With all respect, let me state that not every nursing position requires functioning in a code situation (and certainly not hospice or research nursing). As for looking "silly," is that really the issue? Does the CNs job require lifting patients? then get her the training. If not, then what's the big deal? Nurses specialize. that's okay.
ItsTheDude
621 Posts
the only reason it has to be 1st, is if a job u want also wants that (doesn't seem to be the case here). don't listen to ppl tell u what's needed, they're not the employer, just mouths that don't matter.
too many nurses have an ideal of what a nurse really is (narrow minded, basically a real nurse has to be like them, because they're so fantastic and important), anything else isn't really a nurse to them.
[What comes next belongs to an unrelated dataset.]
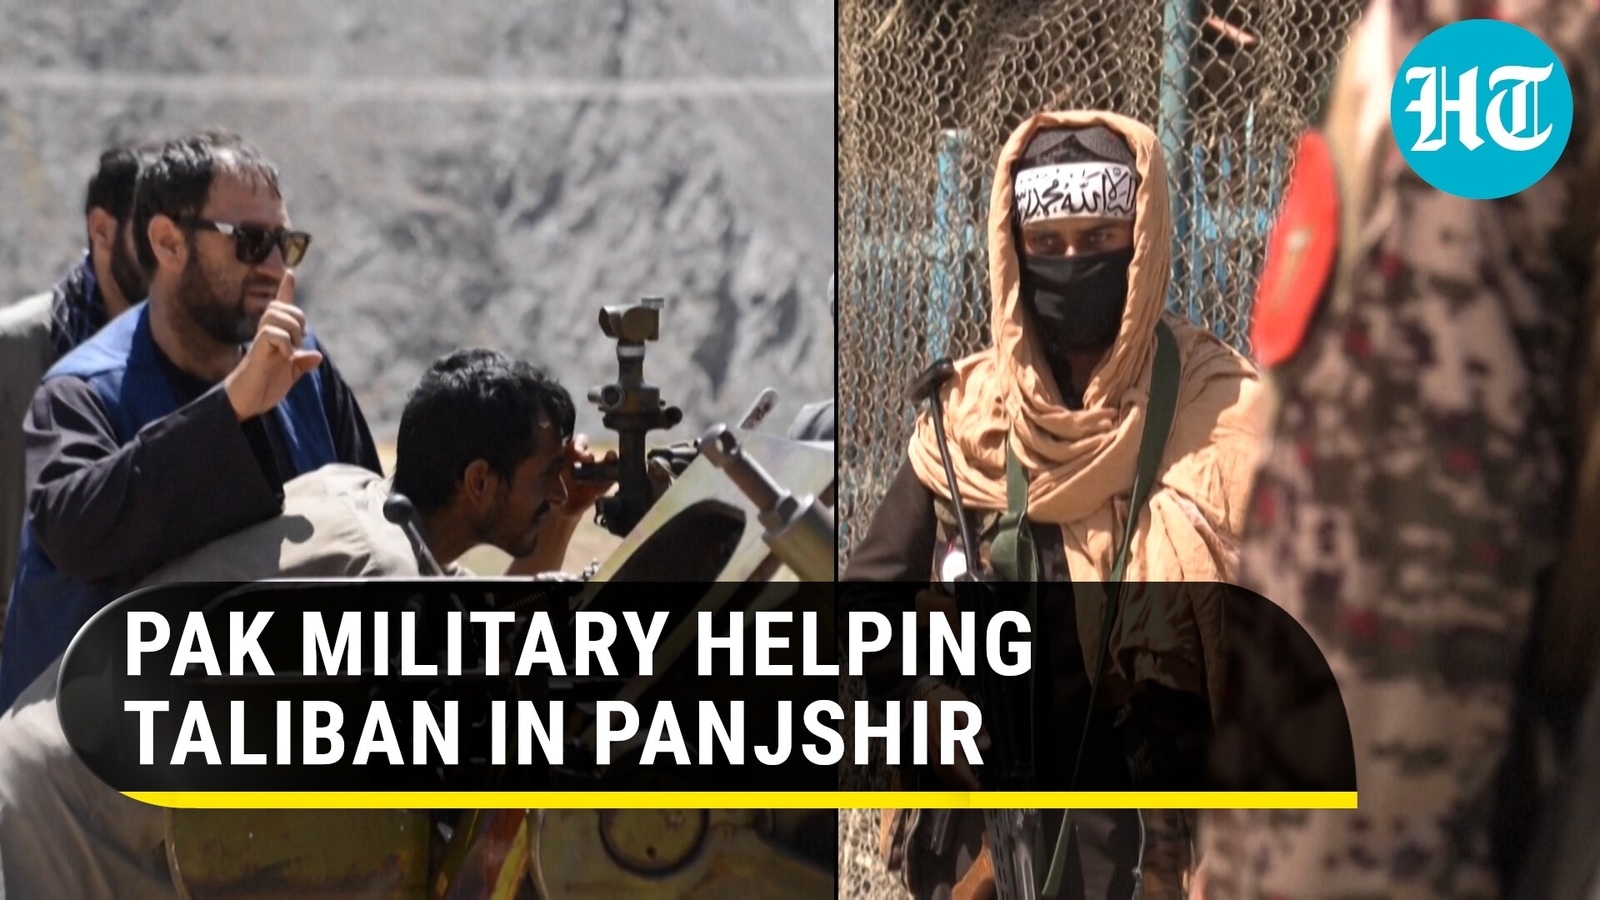 Panjshir: Pak Air Force dropped bombs via drones to help Taliban, say reports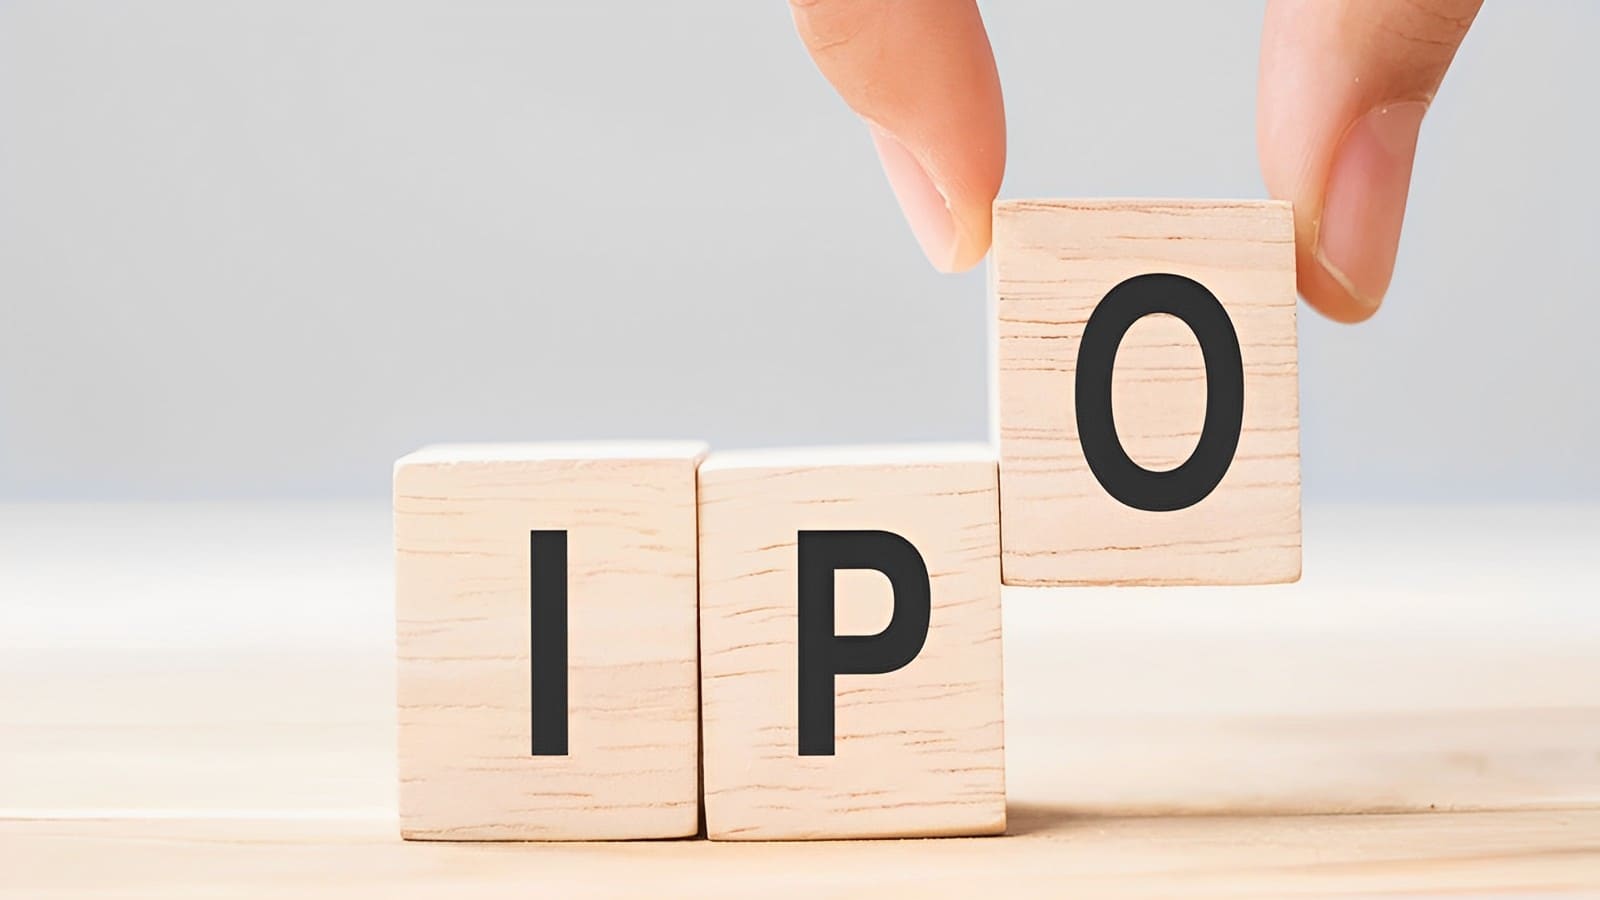 Pyramid Technoplast IPO: 10 Key Facts Before Tomorrow's Opening

go for the job, get the job, live happy and laugh at the "real" nurses.
medscience
16 Posts
I dunno, I have been dropped into some totally unexpected and interestingly frightening scenarios. I think it will rest on your ability to stay cool and quickly pick things up as you go along. This fact> " they are willing to train" would already be the answer for me. Youcandoit! Good Luck to you :)
JenniferSews
660 Posts
Forgive me, but how is that relevent to hospice in any way? I get it in an OR situation but in hospice? Even so if a nurse who was an educator was involved in a code I think most experienced nurses would ask her to step aside even if she helpful.
If you don't want to do bedside care, then don't do it. Are you just putting in your time to get somewhere else? how is that helping your patients? Why waste an opporunity to do what you want? You'll only regret not at least trying! Good luck!
BCgradnurse, MSN, RN, NP
1,678 Posts
If this job feels right to you, then go for it!! Don't lose out on a wonderful opportunity because some people think you must have a certain amount of bedside experience.